私たち、国際地域学科の3年生24名が赴いた島根県隠岐郡海士町は 人口減少、少子高齢化、財政難といった課題に対し、地域資源の活用や人的交流の様々な取り組みなど、独自の地域活性化の取り組みを行っており、その意味で近年大変注目されている自治体である。海士町は「ないものはない」というスローガンのもと、離島であることをハンディキャップにせずに強みに変えている。
海士町でSFSが実施されるのは、今回が初めてである。本研修では、現地に行く前に、まず地理・歴史、伝統文化、経済・産業、地域活性化など海士町の基礎的な特徴を調べ、理解するところから始まった。そして、海士町の方から地方活性化の取り組みの歩みに関する講義を受けた上で、グループに分かれそれぞれが調査課題を設定した。
海士町には、6月24日~29日まで6日間滞在し、調査課題に関連して、多くの地域の人々に聞き取りを行った。私のグループでは、生徒数減により廃校寸前だった島前高校が、現在は島内外から生徒が集まっていることに着目し、その理由を探ることを調査課題として設定した。仮説として、隠岐学習センターをはじめとした教育環境の整備、島前高校特有の地域課題を学べる地域共創科の設立が理由であると考えた。

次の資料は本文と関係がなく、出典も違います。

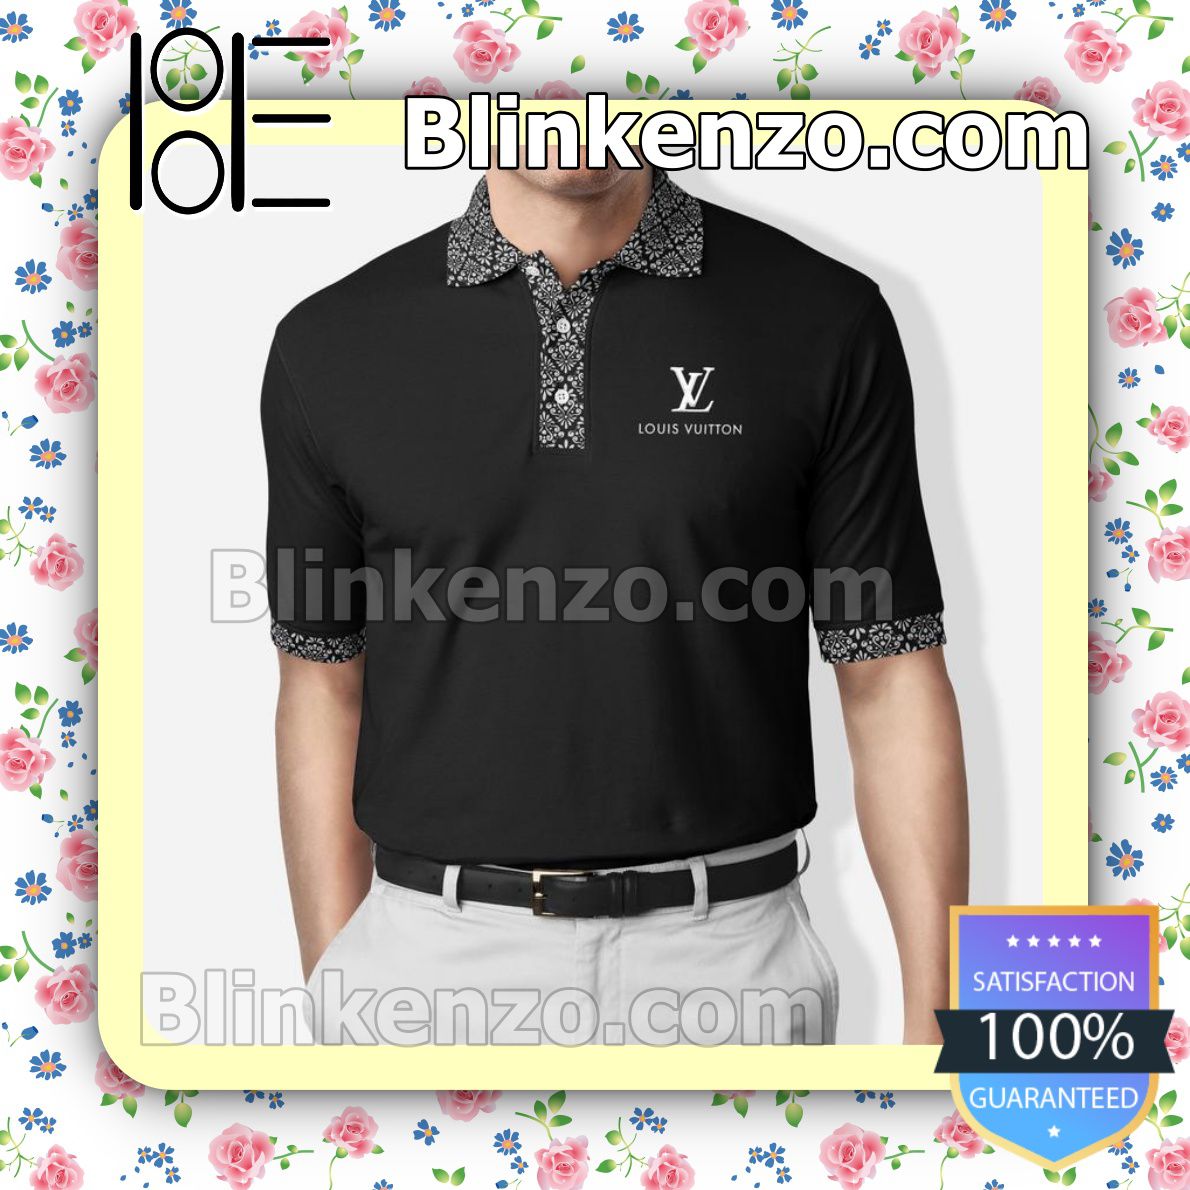 Louis Vuitton Black Luxury Brand Basic Embroidered Polo Shirts

しかし、実際に同校の生徒の話から、生徒が挑戦できる環境があること、地域の方々が島外の生徒にもとても温かく接していること、海士町が豊かな自然をもっていることも理由であることに気づかされた。
聞き取りと並行して、様々な体験活動も行った。こうした活動を通じて、地域課題解決のヒントや海士町が人々を引き付ける魅力を理解することができた。たとえば、島の人々は自分の島に誇りを持っていること、また、生活で不便な面がないとはいえないものの、それ自体が海士町であり、海士町の良いところだという堂々とした雰囲気などである。
また本研修では、Student-led Filed Studyと銘打たれているように、現地での日程の調整や活動内容の決定など全てを学生主体で行うことが求められる。私はこの研修のリーダーとして、海士町の担当の方々と連絡をとり、日程や活動内容の調整を行った。初めてのことばかりで苦戦することもあったが、担当の先生や副リーダーの支えに助けられ、非常に充実した研修を形づくることができ、とても嬉しく、達成感に満たされた。一方で目配りが足らず、担当の方や地域の人々にご迷惑をかけてしまったこともあった。リーダーシップをとるために必要な力や地域に入るということはどういうことかを改めて学ぶことができたので、この経験を今後の自分の糧にしたいと思う。
本研修を通して、海士町の人々を引き付ける魅力は理解できたことはもちろん、フィールドワークをする上での心得、主体性やチームワーク力の向上という点においても深い学びを得ることができ、自己成長につながった。